═════ RECORDS SHOWN ═════

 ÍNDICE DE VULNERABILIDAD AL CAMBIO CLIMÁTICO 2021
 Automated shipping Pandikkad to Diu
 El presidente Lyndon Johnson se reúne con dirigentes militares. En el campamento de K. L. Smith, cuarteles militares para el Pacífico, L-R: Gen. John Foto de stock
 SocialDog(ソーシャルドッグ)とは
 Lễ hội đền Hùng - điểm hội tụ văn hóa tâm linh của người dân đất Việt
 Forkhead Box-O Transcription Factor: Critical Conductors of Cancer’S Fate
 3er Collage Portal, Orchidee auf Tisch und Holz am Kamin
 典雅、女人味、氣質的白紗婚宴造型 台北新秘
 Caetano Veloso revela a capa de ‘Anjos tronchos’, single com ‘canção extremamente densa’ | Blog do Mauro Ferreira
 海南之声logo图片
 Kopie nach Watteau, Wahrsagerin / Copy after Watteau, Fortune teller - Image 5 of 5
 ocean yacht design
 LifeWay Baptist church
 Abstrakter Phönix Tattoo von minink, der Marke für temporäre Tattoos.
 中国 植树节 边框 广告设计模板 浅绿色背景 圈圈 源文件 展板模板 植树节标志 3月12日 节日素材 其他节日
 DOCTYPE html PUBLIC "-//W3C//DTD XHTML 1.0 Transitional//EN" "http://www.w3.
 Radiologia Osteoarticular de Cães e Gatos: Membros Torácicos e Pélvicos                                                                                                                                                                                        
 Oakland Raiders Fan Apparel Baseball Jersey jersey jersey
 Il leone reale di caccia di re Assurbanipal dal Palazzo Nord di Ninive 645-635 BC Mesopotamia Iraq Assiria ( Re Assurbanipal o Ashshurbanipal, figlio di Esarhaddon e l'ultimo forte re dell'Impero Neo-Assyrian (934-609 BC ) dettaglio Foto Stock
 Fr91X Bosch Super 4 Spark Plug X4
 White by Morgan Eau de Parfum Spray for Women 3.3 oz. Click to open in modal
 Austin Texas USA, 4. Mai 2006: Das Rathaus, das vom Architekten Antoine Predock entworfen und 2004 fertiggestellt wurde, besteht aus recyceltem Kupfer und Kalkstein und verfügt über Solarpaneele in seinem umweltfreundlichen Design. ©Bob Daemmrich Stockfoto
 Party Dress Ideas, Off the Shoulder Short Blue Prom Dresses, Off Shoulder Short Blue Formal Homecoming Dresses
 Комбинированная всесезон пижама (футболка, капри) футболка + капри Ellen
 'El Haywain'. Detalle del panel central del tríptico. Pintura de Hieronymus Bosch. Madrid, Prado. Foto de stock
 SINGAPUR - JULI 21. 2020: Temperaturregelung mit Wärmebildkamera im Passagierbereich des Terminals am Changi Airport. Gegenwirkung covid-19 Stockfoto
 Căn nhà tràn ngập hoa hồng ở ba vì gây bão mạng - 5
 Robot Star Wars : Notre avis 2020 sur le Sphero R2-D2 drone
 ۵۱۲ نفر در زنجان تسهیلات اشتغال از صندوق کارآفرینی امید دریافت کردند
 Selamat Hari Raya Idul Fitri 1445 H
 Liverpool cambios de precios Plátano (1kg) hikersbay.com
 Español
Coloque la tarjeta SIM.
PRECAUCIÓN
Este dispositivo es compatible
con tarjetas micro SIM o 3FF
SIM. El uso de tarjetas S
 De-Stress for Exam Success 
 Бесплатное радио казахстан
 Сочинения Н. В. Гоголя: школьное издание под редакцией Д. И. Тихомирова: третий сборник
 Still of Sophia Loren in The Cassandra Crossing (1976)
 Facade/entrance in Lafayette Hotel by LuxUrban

═════

> TASK BRIEF
Gather all lines from the listing above in which "Stockfoto" occurs.

> WRITTEN RESPONSE
 Austin Texas USA, 4. Mai 2006: Das Rathaus, das vom Architekten Antoine Predock entworfen und 2004 fertiggestellt wurde, besteht aus recyceltem Kupfer und Kalkstein und verfügt über Solarpaneele in seinem umweltfreundlichen Design. ©Bob Daemmrich Stockfoto
 SINGAPUR - JULI 21. 2020: Temperaturregelung mit Wärmebildkamera im Passagierbereich des Terminals am Changi Airport. Gegenwirkung covid-19 Stockfoto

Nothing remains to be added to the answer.